What is the past to the theatre, so that it must deal so intensely with it?
Can the theatre adequately remember the past, creatively recycle it and, in general, efficiently deal with it? Has the theatre, over the past 25 centuries of its tempestuous history, managed to develop adequate techniques and mechanisms with the help of which it was able to successfully re-semanticize the past in order to be able to transform it permanently into the famed “permanent present”, that which it has obliged itself to always display on its stages? Is the theatre bothered by the past in the process of the stage presentation of its “permanent present” which, as Aristotle puts it, should imitate reality through action “here and now”?
Can the theatre efficiently cope with the memorabilia of any kind, which it must (nevertheless) constantly tackle as opposed to its declarative commitment to the “permanent present” to which it has programmatically sworn?

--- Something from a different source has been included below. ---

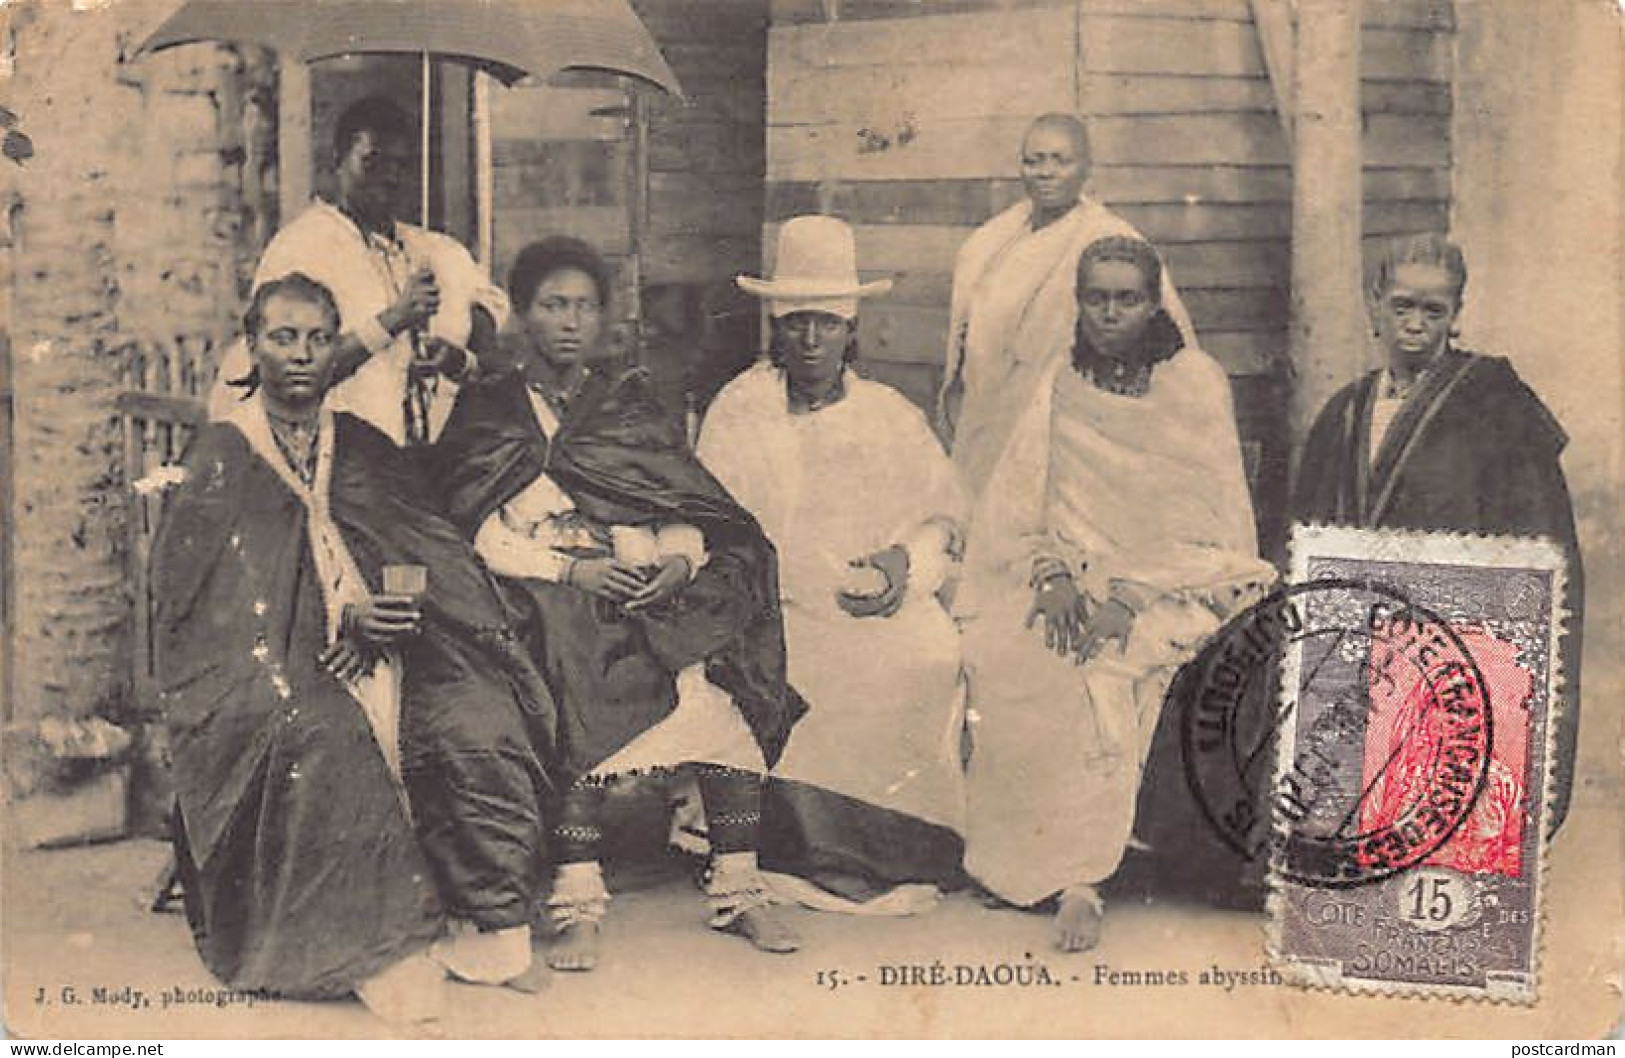 Ethiopia - DIRE DAWA - Abyssinian Women - Publ. J. G. Mody 15 - Ethiopia

Can memory (the famed historicism on which, in principle, all arts thrive) and action/doing, undoubtedly a “momentary” category which inevitably happens when we, the present and living spectators testify to it and consume it without any reservations, successfully co-exist (of all places!) in the theatre itself? Can the specific features of the complex theatrical/stage mechanism be the subject to any kind of historicism, since it does not allow “things” to be evoked or narrated, but must, instead, be immediately/directly/actively shown?
Is the theatre, perhaps, trying to think of some little tricks that would help it slip somehow through the hands of history and historicism? Can the theatre, after all, leave the dangerous “shadow” of these “bogeymen of the past” in order to promote and develop certain quite specific – quite new and original – forms of memory: forms which are visual, emotional and cognitive?
What is, for instance, the differentia specifica of the famed emotional memory – one of the basic categories of the renowned theatrical system of Constantin Sergeyevich Stanislavsky – that makes this type/kind of memory essentially different from its other types/kinds?
How should we, in fact, treat theatre today: as one of the media relevant to our recent culture (including the culture of entertainment) or as one of the respectable sites of memory which, among other things, is indicative of the maturity of a certain environment (nation, culture, etc.), of its ability to enter into a dialogue with itself, to preserve its own past and to liberate itself from the prejudices and stereotypes…?
The series of “difficult questions” that this text tries to address shows, perhaps, that the time has come for a different way of reading the theatre. Or, more specifically, perhaps we should dare gradually substitute some of the “standard” methods of reading/interpretation of the theatrical phenomena (methods which, in the meantime, have become quite “used up” due to their, often uncritical, exploitation) with other and different methods (those that are more vigorous, more curious, less resolute/rigid and even dogmatic.)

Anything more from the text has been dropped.